## DATASET CONTENT
——
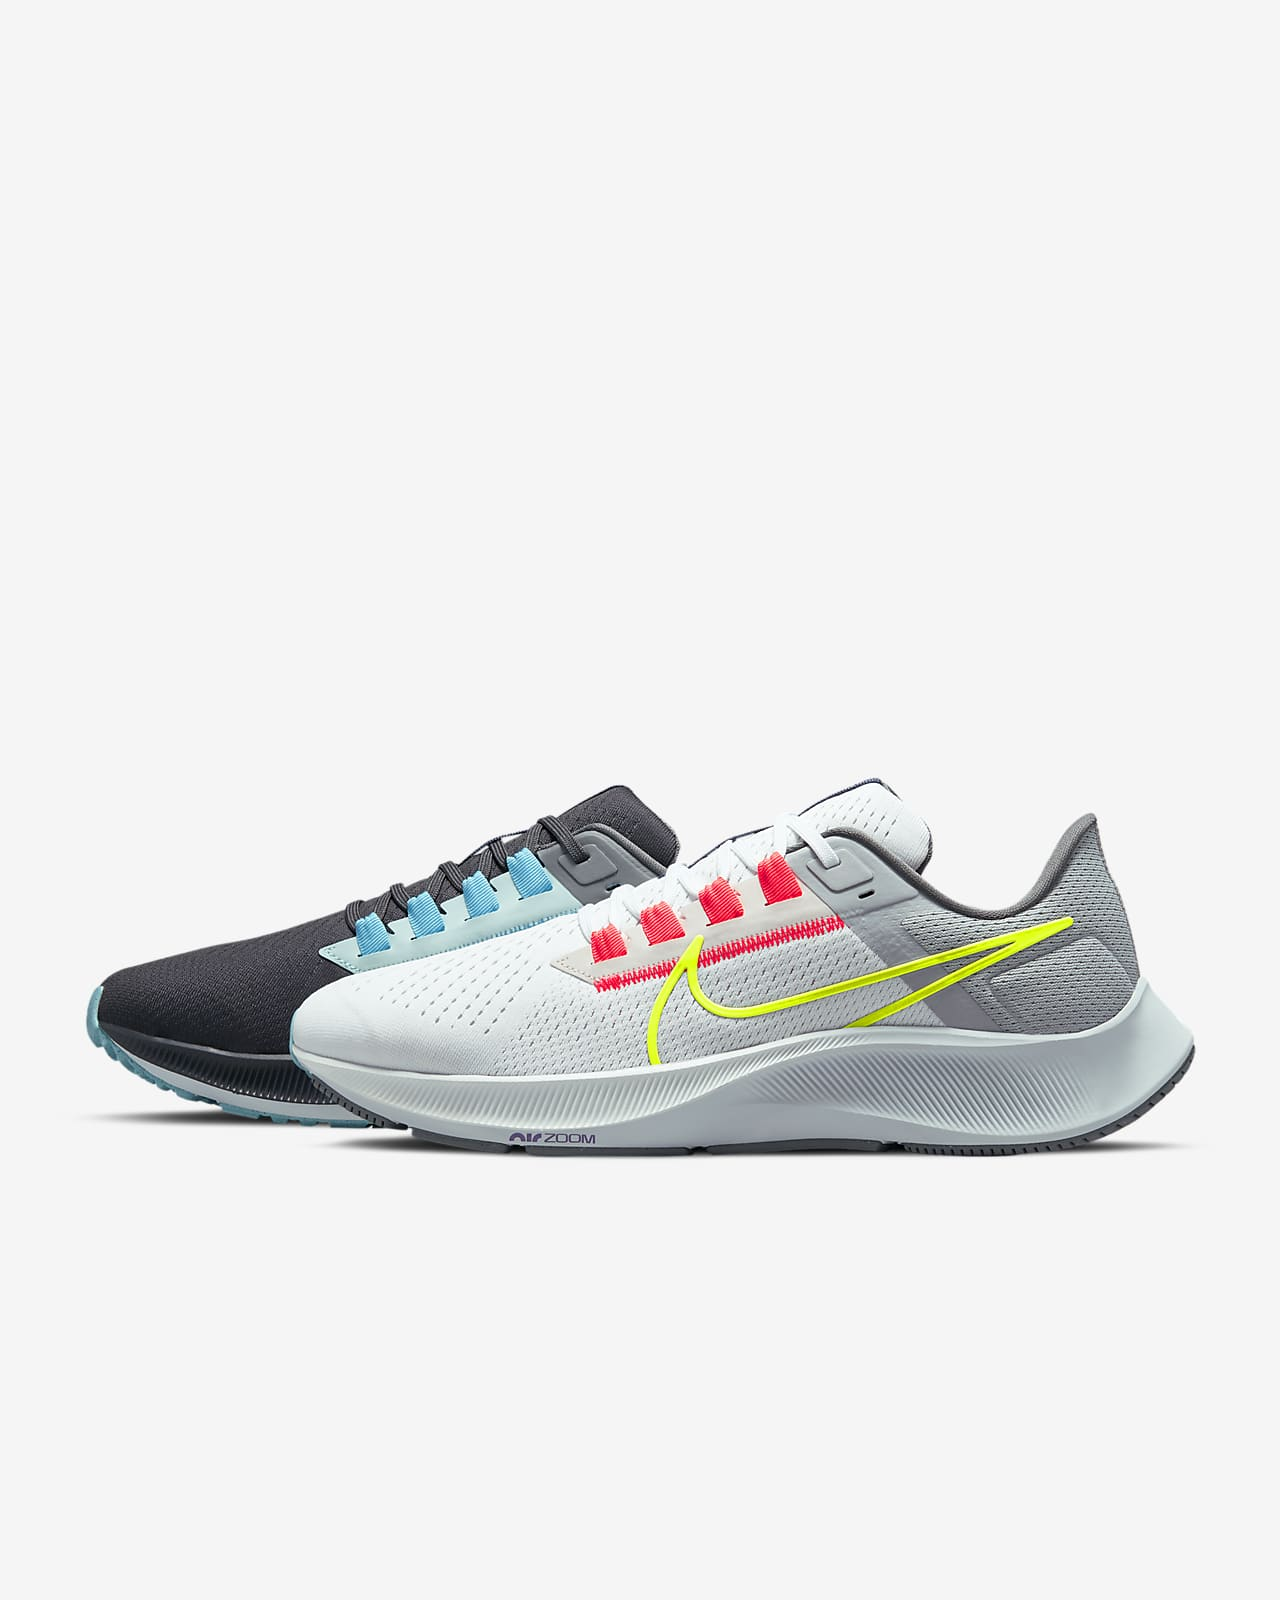 Sapatilhas de running Nike Air Zoom Pegasus 38 Limited Edition para homem
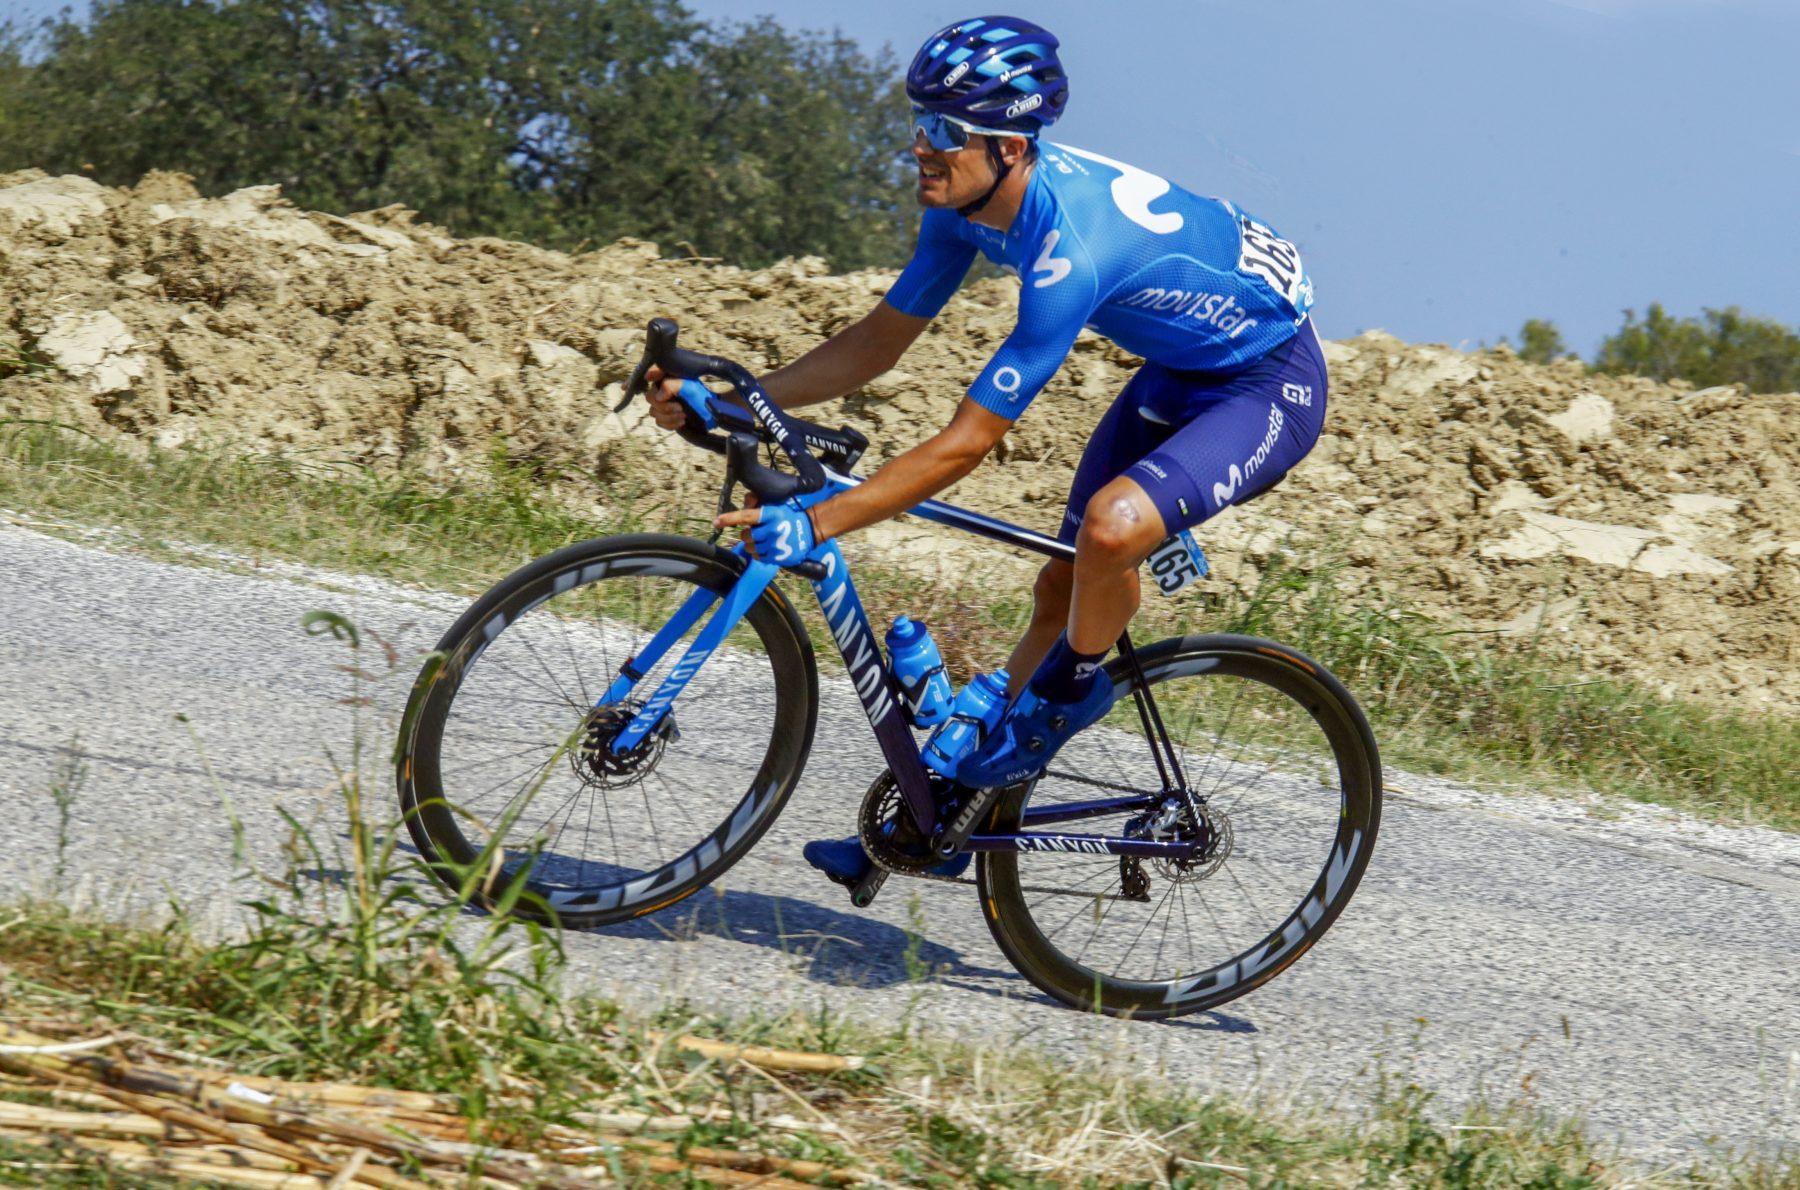 Imagen de la noticia 'Movistar Team holds Zwift ride on Saturday (6pm CET) for riders' security'
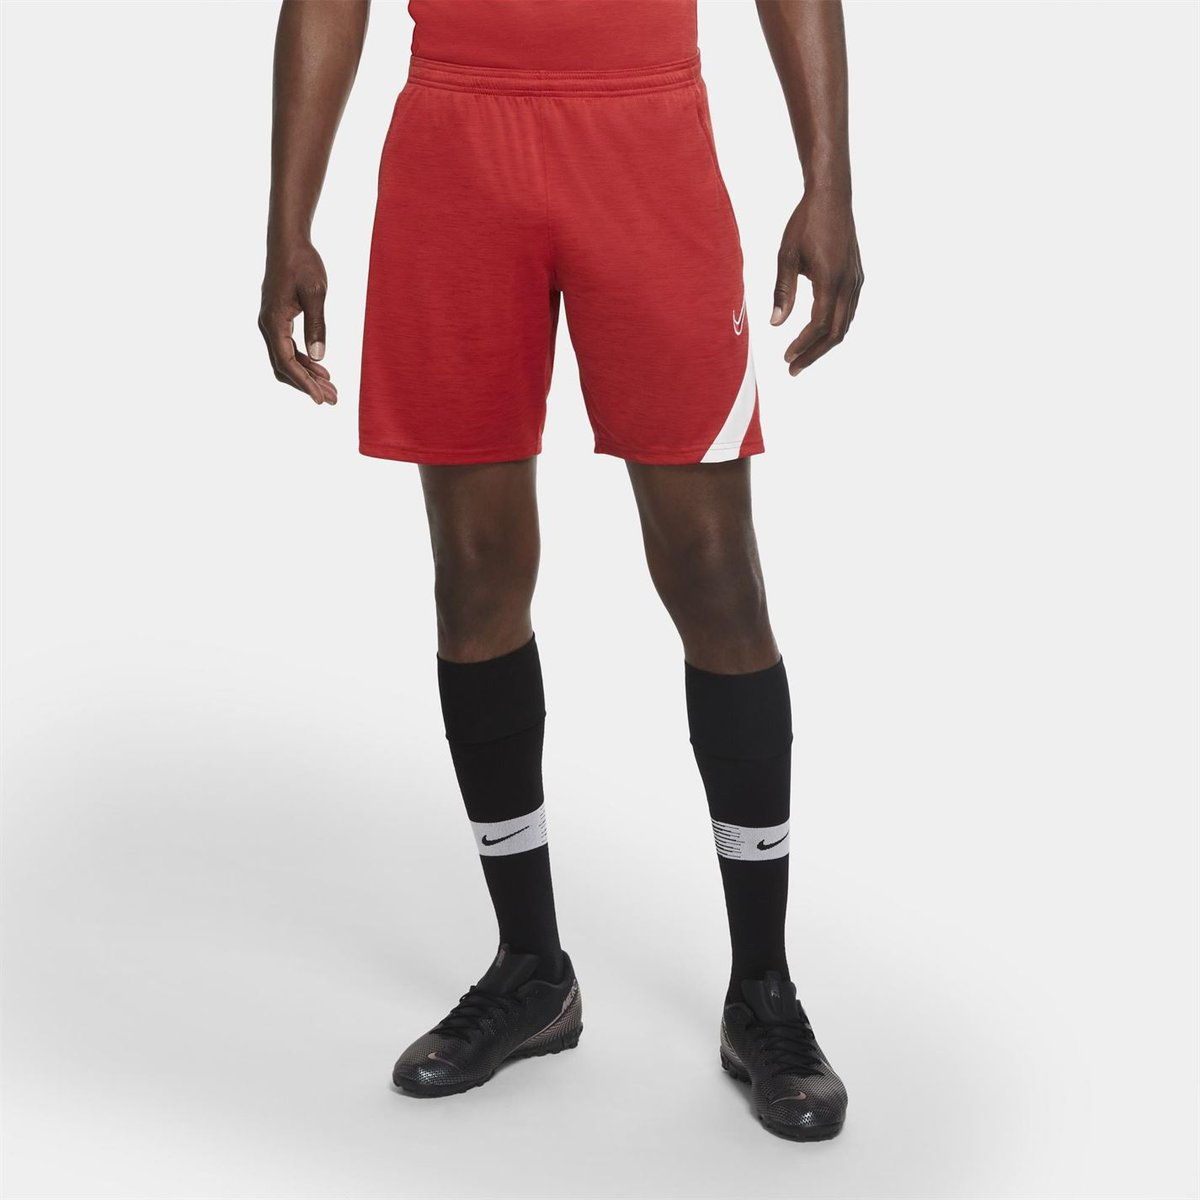 Dri FIT Academy Football Shorts Mens
——
## REQUIREMENT
Every line of the data should be transcribed exactly. Omit the images.

## ANSWER TO THIS EXERCISE
 Sapatilhas de running Nike Air Zoom Pegasus 38 Limited Edition para homem
 Imagen de la noticia 'Movistar Team holds Zwift ride on Saturday (6pm CET) for riders' security'
 Dri FIT Academy Football Shorts Mens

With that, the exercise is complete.